Friday, October 9, 2020

Short Book Reviews: A Transgender Heroine in Fantasy India

Stealing Thunder, by Alina Boyden (Ace)

I loved the context of this book as much as the story itself. As part of the “Own Voices” movement, the speculative fiction community has examined not only the inclusion of transgender characters but asked who writes about them. This book is the first fantasy novel featuring a transgender character and written by a transgender author to be published by a major house. Alina Boyden sets her tale in a non-Western culture in which transwomen have an established cultural niche. She draws her inspiration from the Indian tradition of hijras, which dates back as far as 3000 years ago, referring to third gender or trans-feminine people. Texts such as the Rigveda, Mahabharata, and Ramayana mention such people in a respectful way, in contrast to the actions of the British Empire in attempting to erase the hijra community entirely. In India, hijras who are assigned male gender at birth sometimes castrate themselves, wear feminine clothing and adopt feminine names, live together in households, relate to each other as female kin (sisters, daughters, etc), and perform at events such as births and weddings.

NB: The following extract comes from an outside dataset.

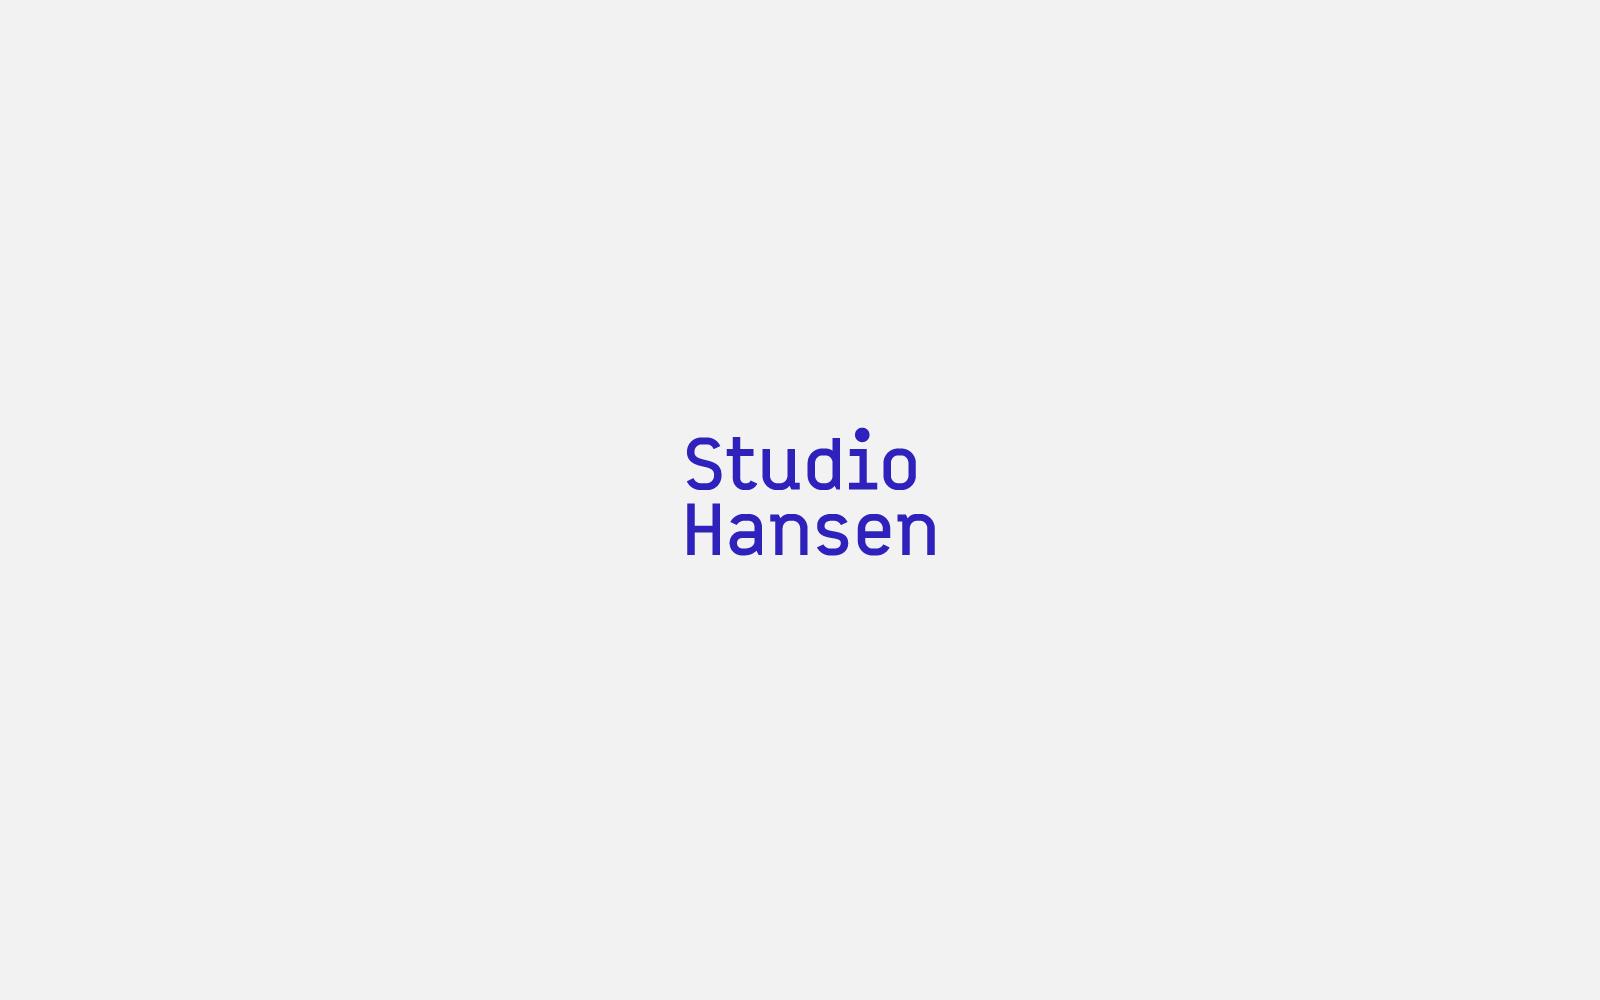 studio_hansen__heydays_02

One such is this novel’s protagonist, Razia Khan, born as the Crown Prince of one of many small kingdoms in this alternate pre-British India, including training with the magical feathered dragons called zahhaks, which are a rare and powerful military asset. Now she works as a skilled dancer and courtesan, working and living in a tightly knit household, a dera, ruled by an insatiably greedy madam. In addition, she’s a thief whose booty supplements their income. After being engaged to provide entertainment for a wealthy merchant, she falls in love with the handsome prince of Bikampur and gains his affection in return. But all is not well, for her very life is at risk should her father learn of her whereabouts, a bully from her tormented childhood appears at court and recognizes her . . . and war is brewing. Razia’s training and natural aptitude make her a genius at the use of dragons in military strategy, and her sound advice brings her the esteem of her prince’s father.

The style and pacing of the story invites the reader to savor this world and its culture. The enumeration of settings and details, including jewelry and clothing, and the beat-by-beat descriptions of action and interactions, which are then repeated, create a slow spiraling effect. All of this is interwoven with Razia’s own internal monologues, so that we are able to experience her world and her personal history through gradually evolving lenses. At first, I questioned the slow pace and repetition, but as I noticed how the descriptions – what Razia notices and the context in which she places it – reflected and embodied Razia’s own personal growth, I found it highly evocative and satisfying. Small details, like the conversation between Razia, who chose castration as a gift, and a eunuch who had to come to terms with the involuntary loss, evoked a much larger world of consent, choices, and power.

Razia begins the story terrified of discovery, uneasy about stealing but so grateful to her madam that she feels she has no choice, and pathetically desperate for love. As she comes to accept being valued, she discovers her own courage – a trait she believed she lacked because she had been told – and beaten – so many times as a child for being unmasculine. She doesn’t take the easy way out, whether it’s accepting the likelihood of betrayal to her father, and subsequent assassination, or the risk of losing Arjuna’s love by telling him the truth about her thieving, standing up to those who once bullied her, or always, always remaining true to herself as a transgender woman. It would have been so easy for the story to follow the typical Romance tropes based on misunderstandings so easily cleared up by a single conversation, and Stealing Thunder avoids them all. By the end, I not only cheered Razia’s commitment to a genuine life, I had a greater understanding of how she has managed to find empowerment within the superficially submissive, dependent role of a hijra courtesan.